• **WHAT YOU NEED TO DO**:
Check each line of the entries below for the word "Banque", then state how many lines have it and nothing more.

• **THE INPUT**:

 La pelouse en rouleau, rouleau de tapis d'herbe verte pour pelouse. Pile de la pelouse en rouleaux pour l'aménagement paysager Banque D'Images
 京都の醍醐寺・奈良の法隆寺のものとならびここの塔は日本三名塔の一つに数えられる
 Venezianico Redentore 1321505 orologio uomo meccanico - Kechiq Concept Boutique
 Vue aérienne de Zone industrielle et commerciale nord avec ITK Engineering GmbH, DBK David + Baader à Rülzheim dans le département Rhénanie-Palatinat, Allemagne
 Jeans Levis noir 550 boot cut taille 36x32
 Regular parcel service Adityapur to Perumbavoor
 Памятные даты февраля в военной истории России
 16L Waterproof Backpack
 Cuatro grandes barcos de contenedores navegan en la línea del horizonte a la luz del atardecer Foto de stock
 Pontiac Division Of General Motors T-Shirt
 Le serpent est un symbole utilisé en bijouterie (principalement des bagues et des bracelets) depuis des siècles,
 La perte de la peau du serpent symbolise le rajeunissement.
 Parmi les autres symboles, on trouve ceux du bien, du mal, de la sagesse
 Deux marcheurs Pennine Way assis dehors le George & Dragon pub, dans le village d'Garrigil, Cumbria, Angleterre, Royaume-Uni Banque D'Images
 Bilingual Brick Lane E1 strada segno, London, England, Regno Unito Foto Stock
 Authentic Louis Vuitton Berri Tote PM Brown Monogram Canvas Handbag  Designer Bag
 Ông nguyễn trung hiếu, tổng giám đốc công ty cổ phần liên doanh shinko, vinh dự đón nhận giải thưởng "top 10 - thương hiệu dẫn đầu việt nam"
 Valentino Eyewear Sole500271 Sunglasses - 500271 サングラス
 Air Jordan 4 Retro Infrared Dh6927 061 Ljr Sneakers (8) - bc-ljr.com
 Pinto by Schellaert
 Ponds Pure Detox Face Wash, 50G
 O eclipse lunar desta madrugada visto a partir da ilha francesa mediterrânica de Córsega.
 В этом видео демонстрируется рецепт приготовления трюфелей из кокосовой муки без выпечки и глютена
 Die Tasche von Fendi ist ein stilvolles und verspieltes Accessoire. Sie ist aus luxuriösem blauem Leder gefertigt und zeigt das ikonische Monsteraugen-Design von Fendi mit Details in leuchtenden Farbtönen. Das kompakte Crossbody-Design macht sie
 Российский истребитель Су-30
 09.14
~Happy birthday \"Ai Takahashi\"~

• **OUTPUT FOR THIS TASK**:
2